# Exercise goal
Omit the pictures, please, and give each record below again exactly.

# Given data
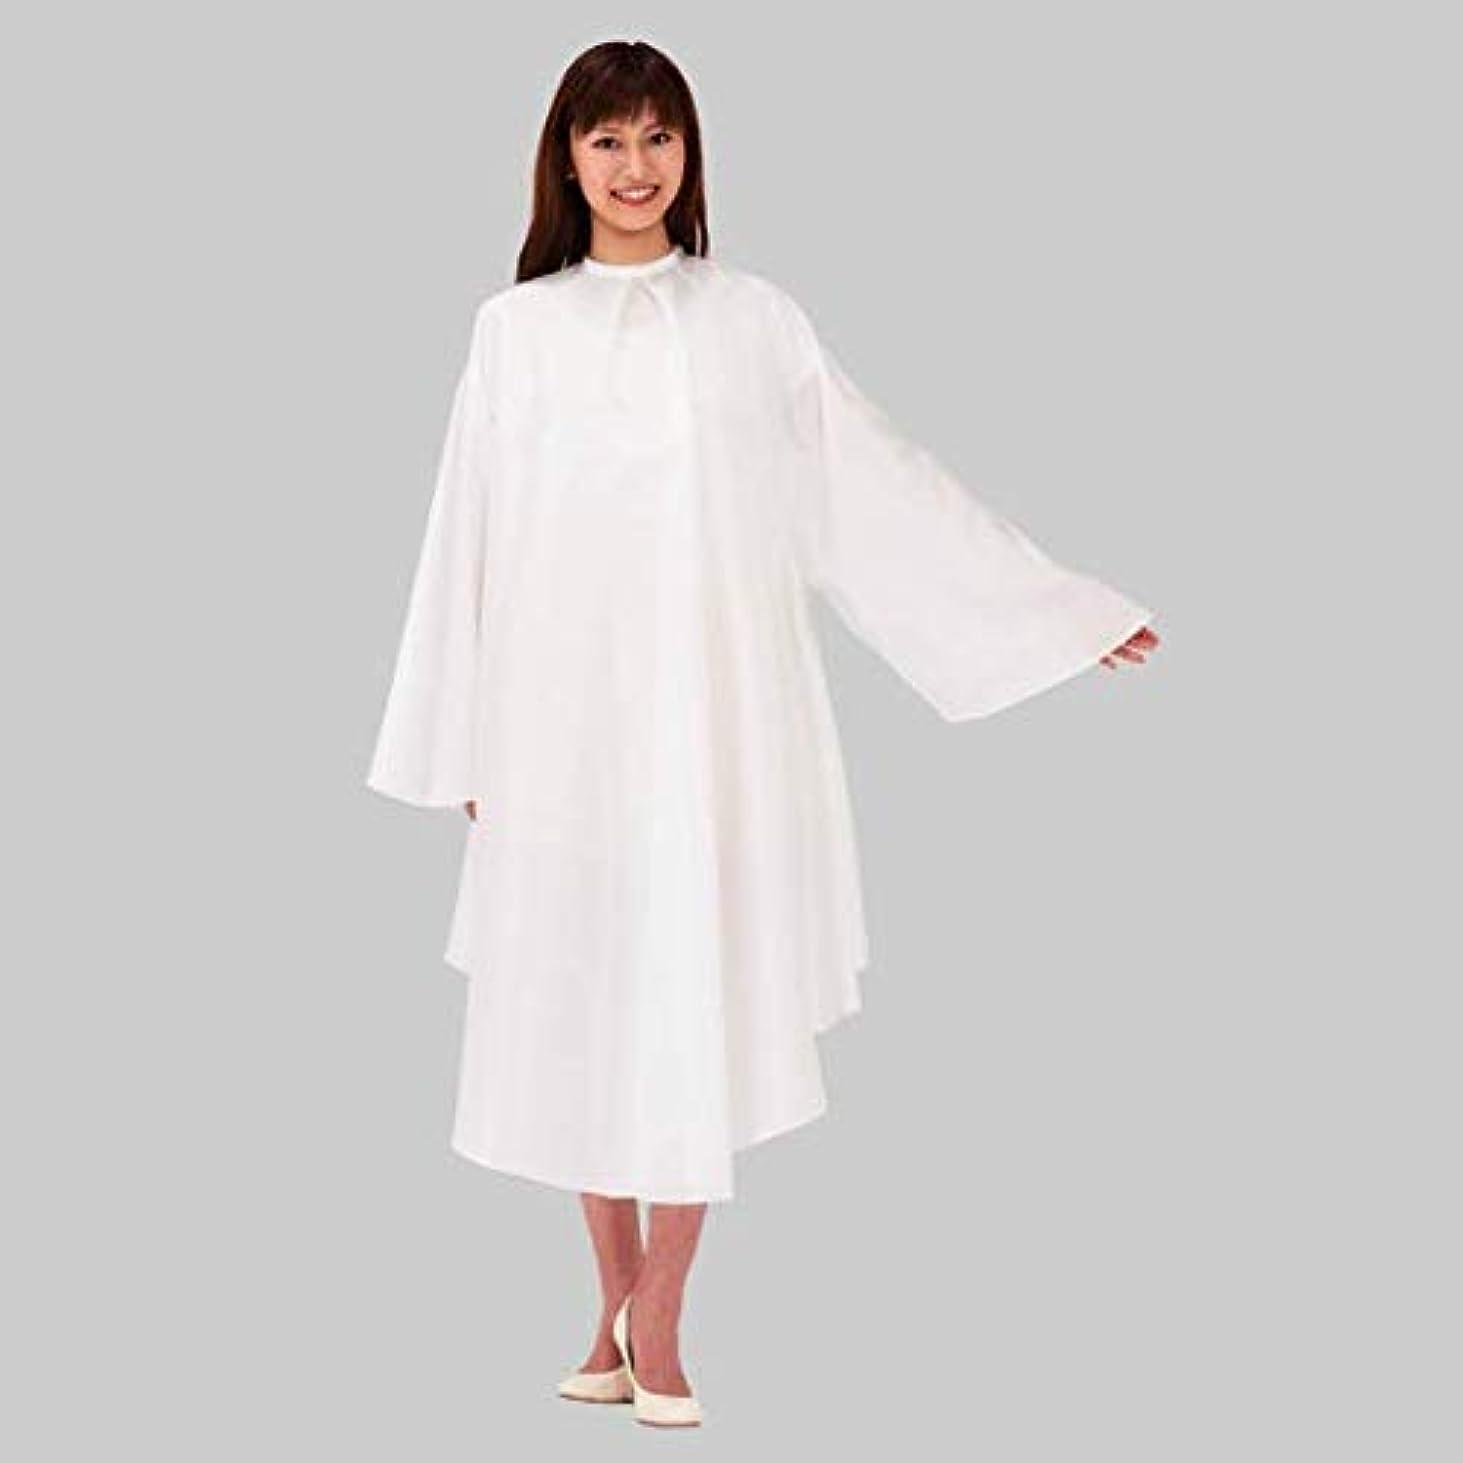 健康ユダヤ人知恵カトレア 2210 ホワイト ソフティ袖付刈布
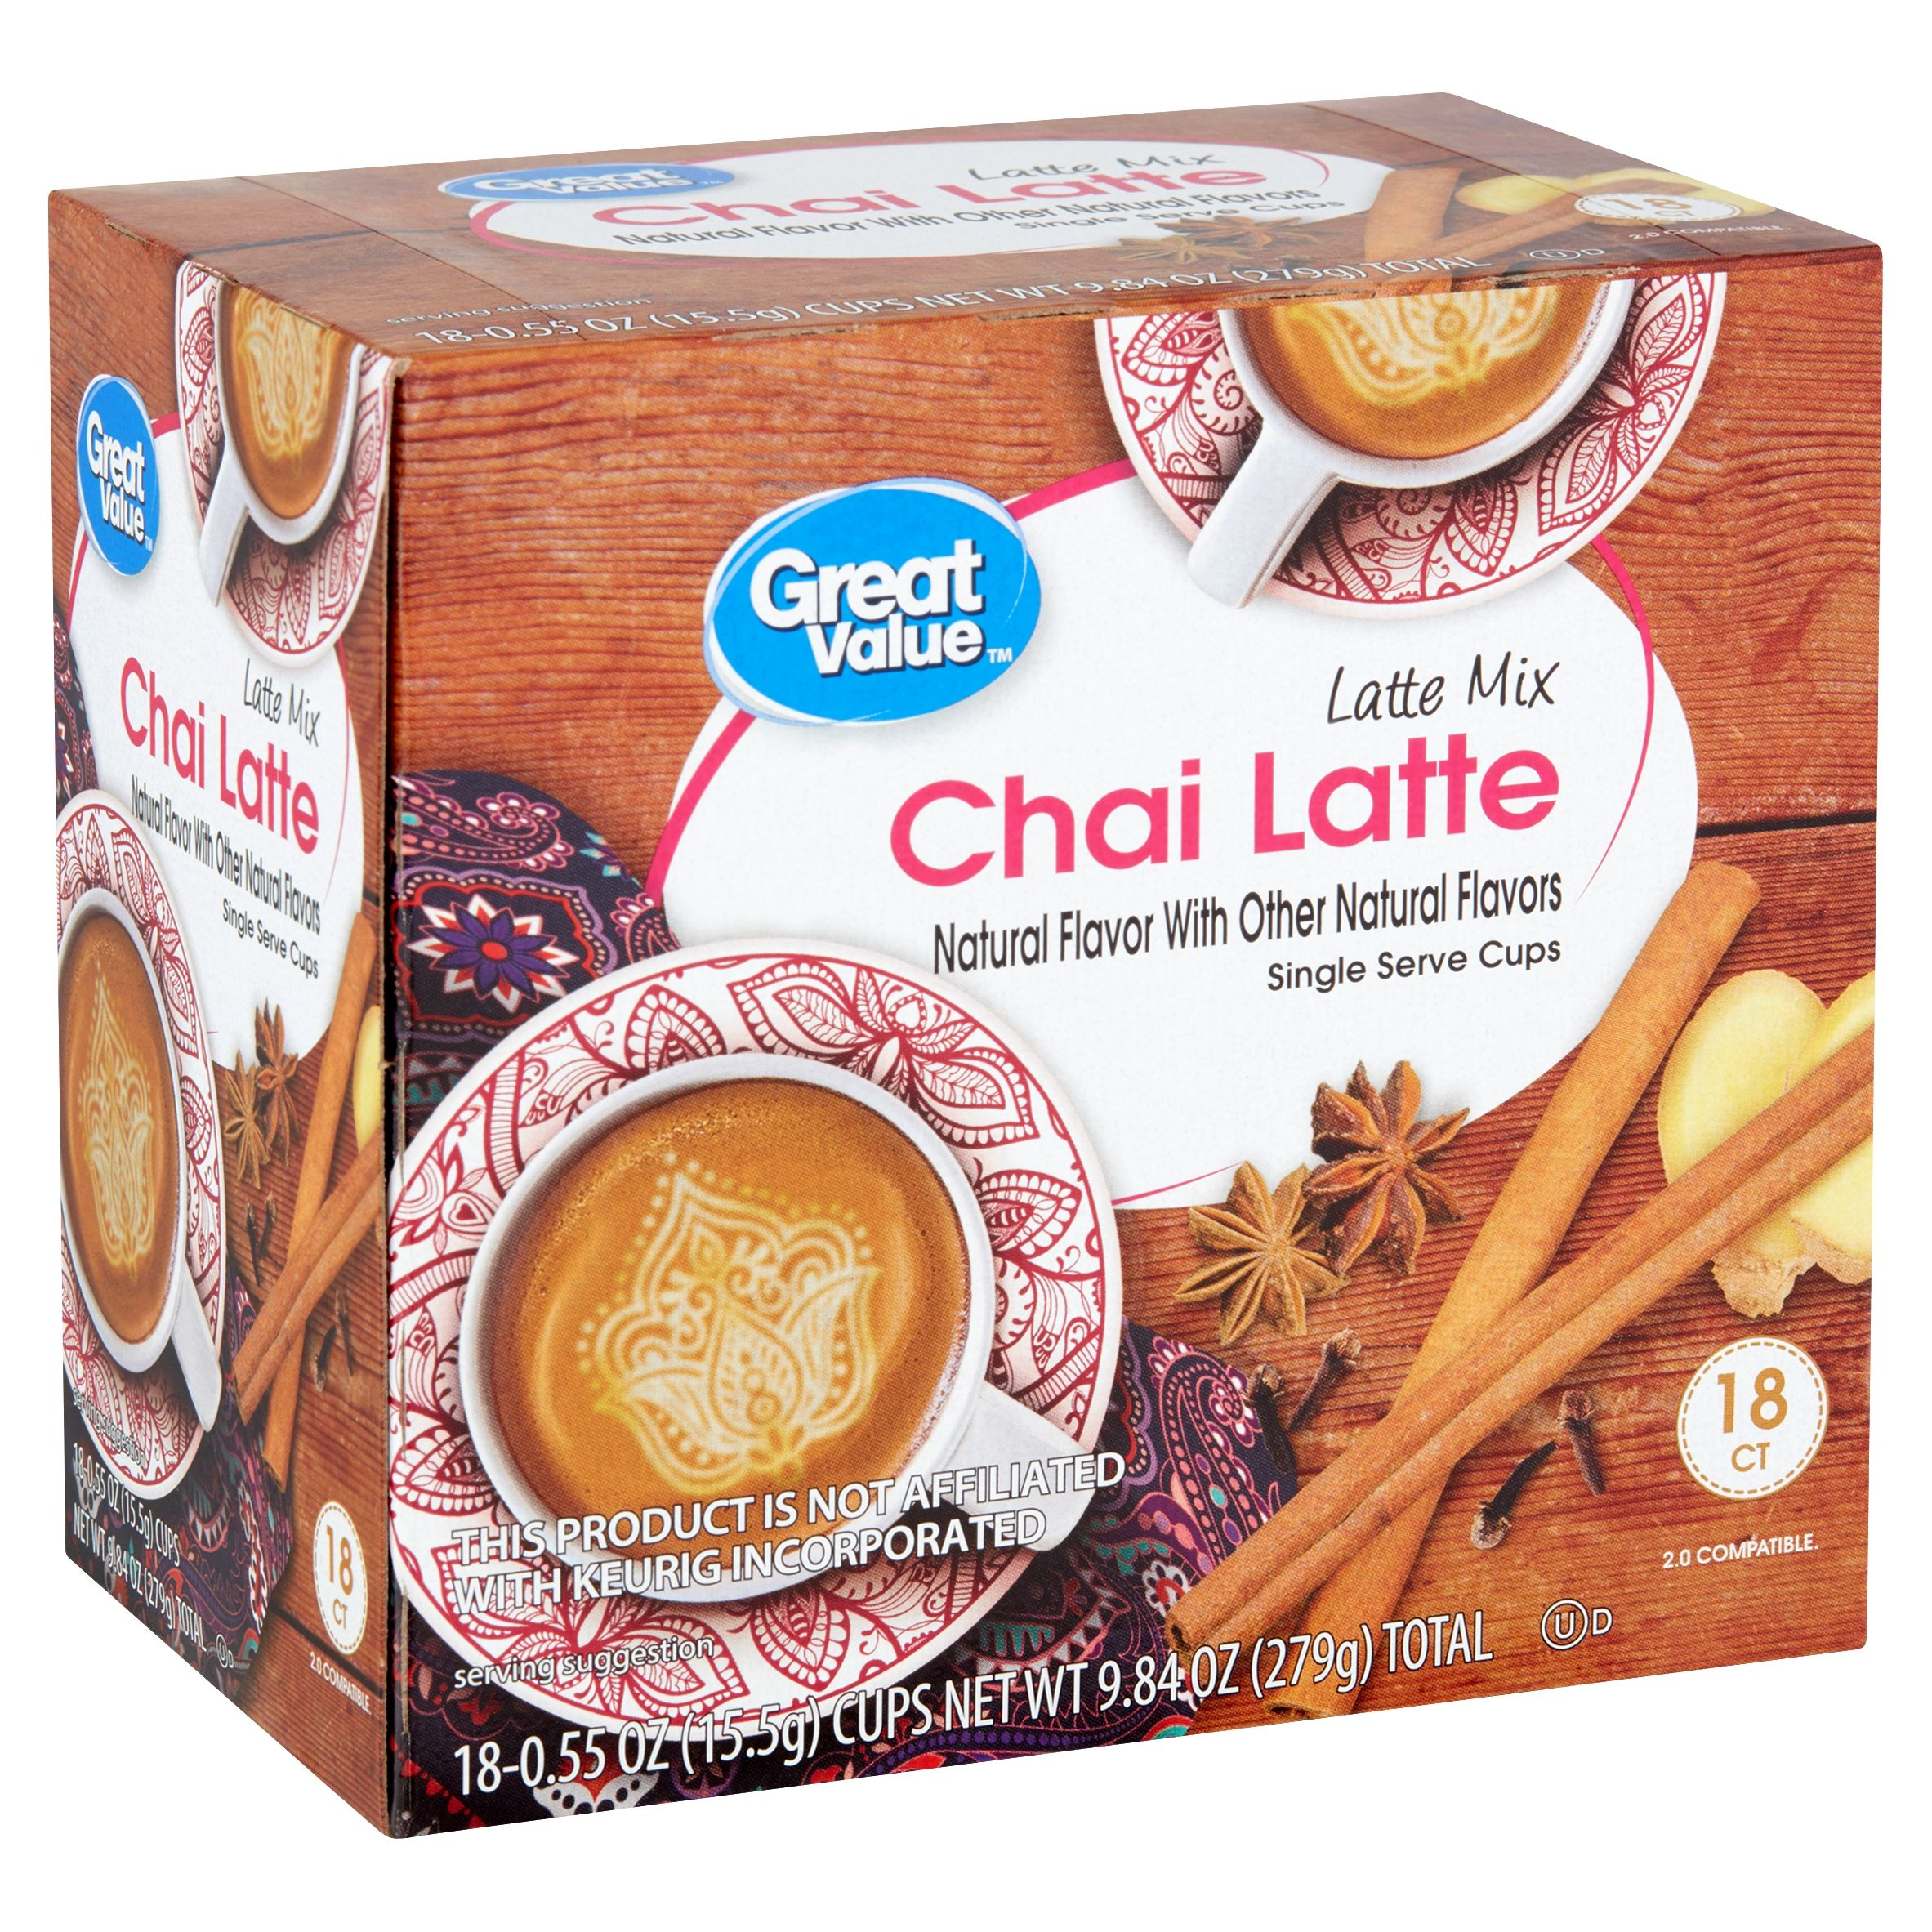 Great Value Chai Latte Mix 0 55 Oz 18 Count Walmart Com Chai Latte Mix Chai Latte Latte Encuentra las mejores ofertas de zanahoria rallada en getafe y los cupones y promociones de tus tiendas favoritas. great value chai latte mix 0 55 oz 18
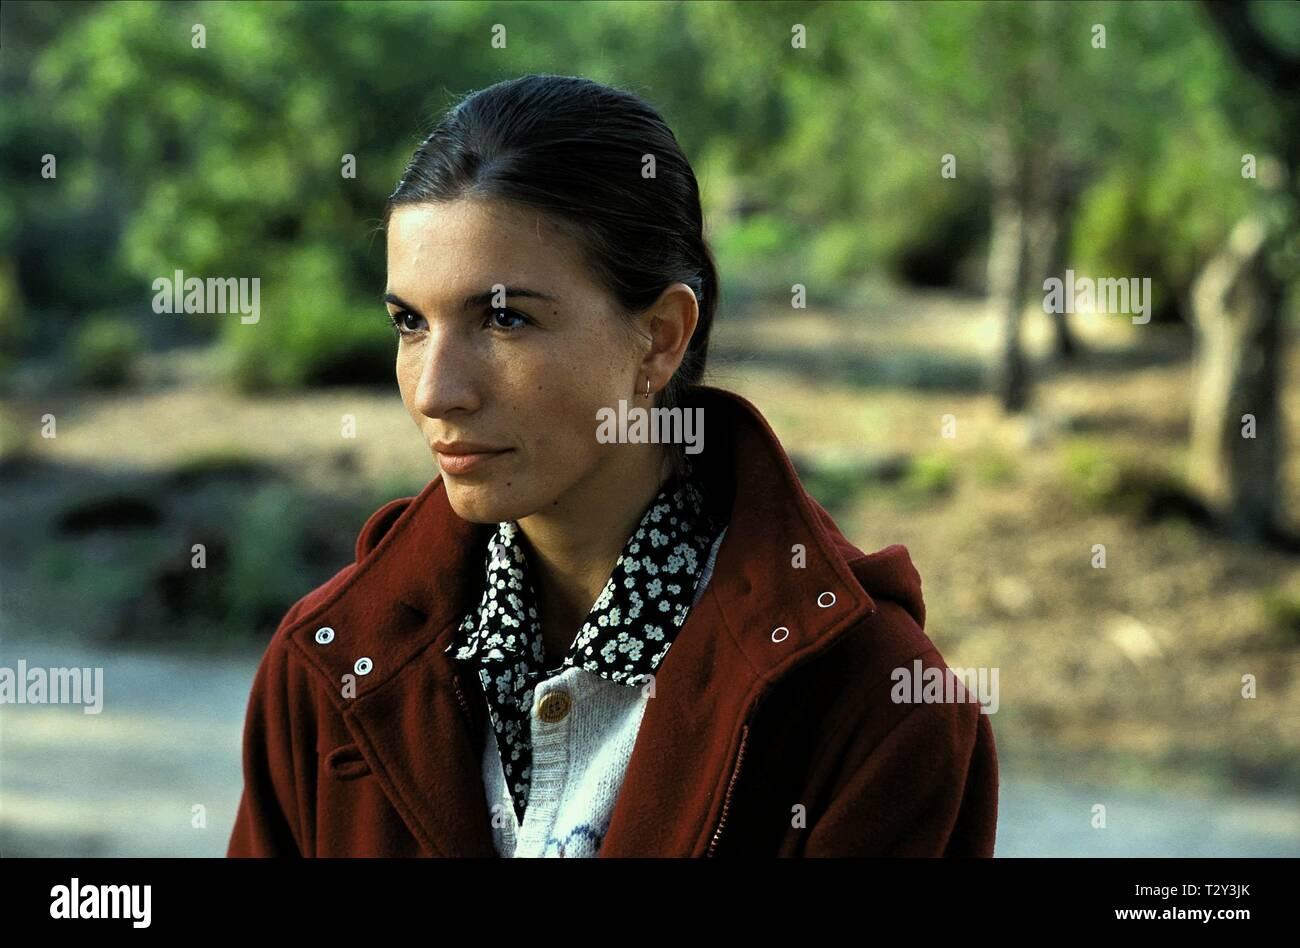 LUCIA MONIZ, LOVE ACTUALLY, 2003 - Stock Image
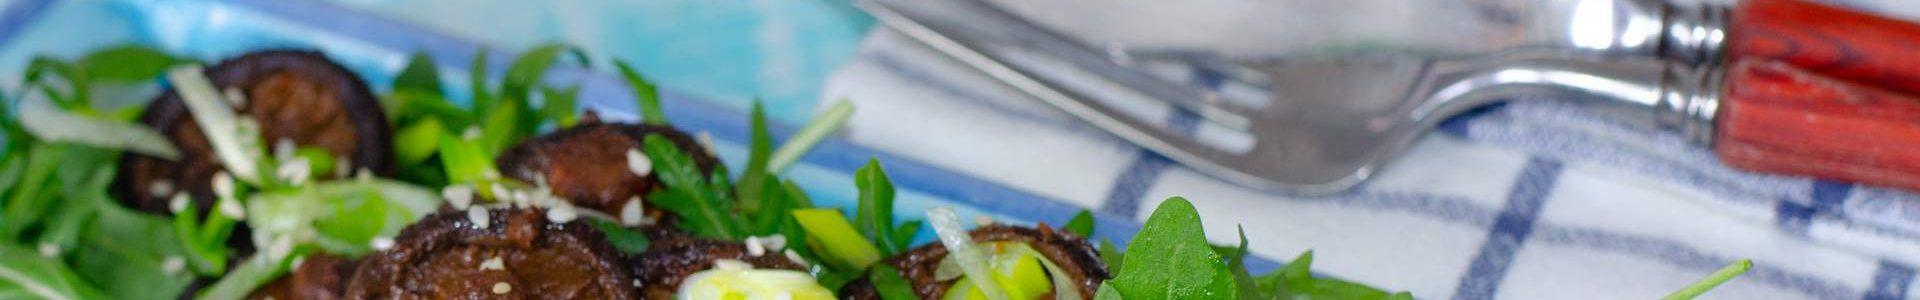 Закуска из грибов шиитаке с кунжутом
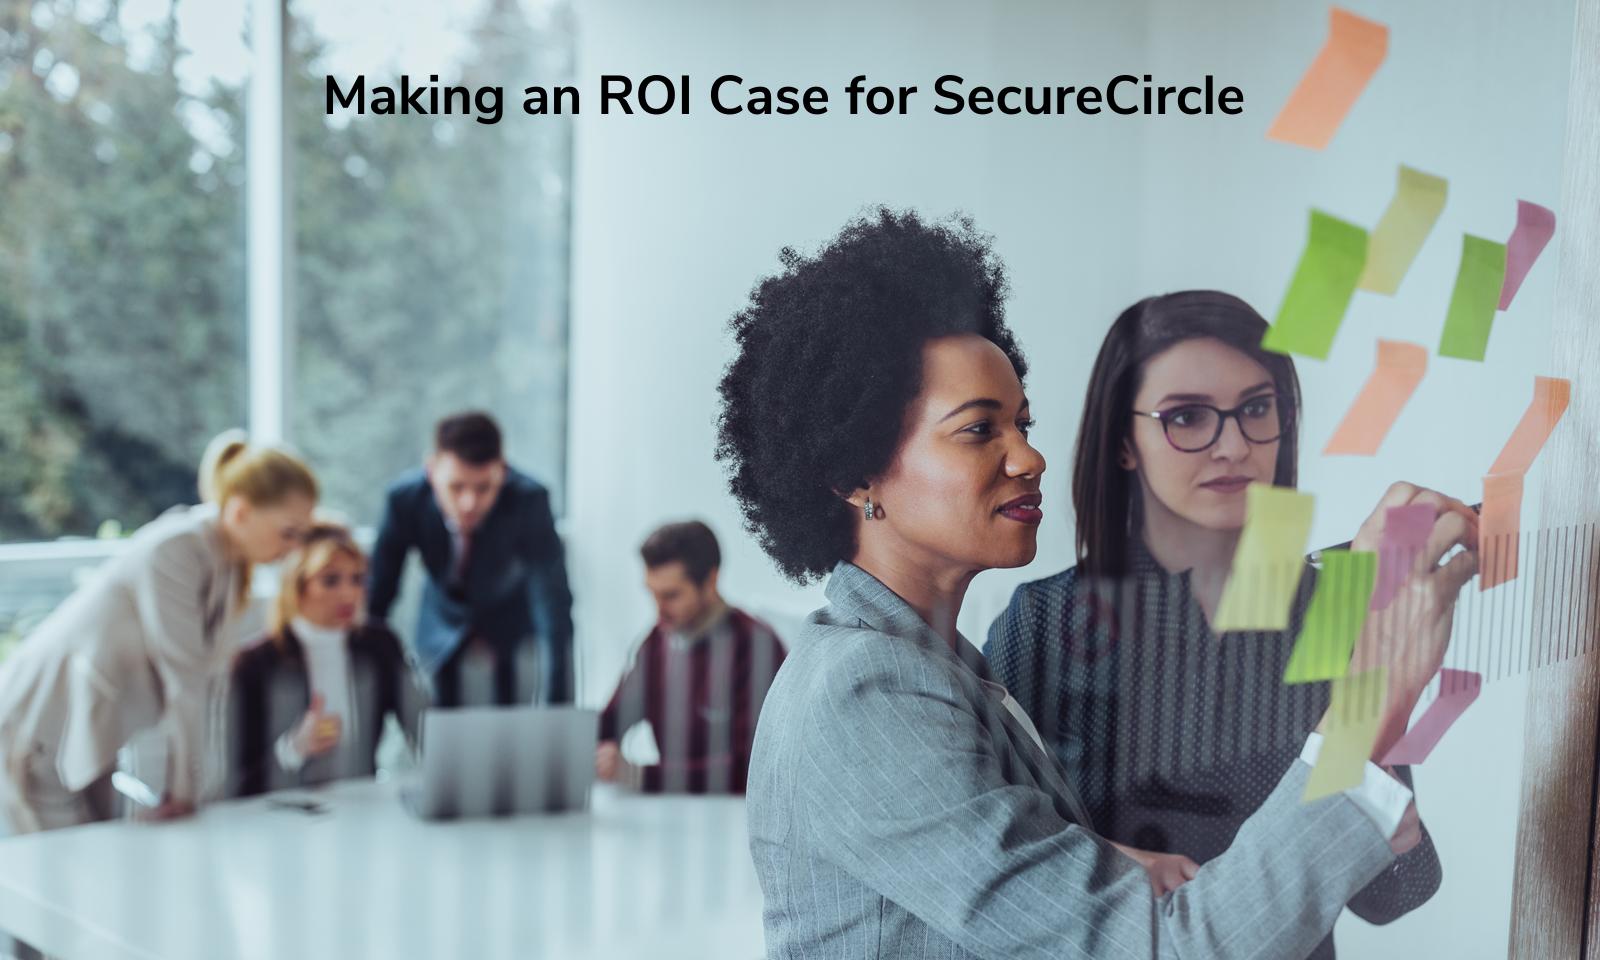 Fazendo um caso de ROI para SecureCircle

# Answer box
 健康ユダヤ人知恵カトレア 2210 ホワイト ソフティ袖付刈布
 Great Value Chai Latte Mix 0 55 Oz 18 Count Walmart Com Chai Latte Mix Chai Latte Latte Encuentra las mejores ofertas de zanahoria rallada en getafe y los cupones y promociones de tus tiendas favoritas. great value chai latte mix 0 55 oz 18
 LUCIA MONIZ, LOVE ACTUALLY, 2003 - Stock Image
 Закуска из грибов шиитаке с кунжутом
 Fazendo um caso de ROI para SecureCircle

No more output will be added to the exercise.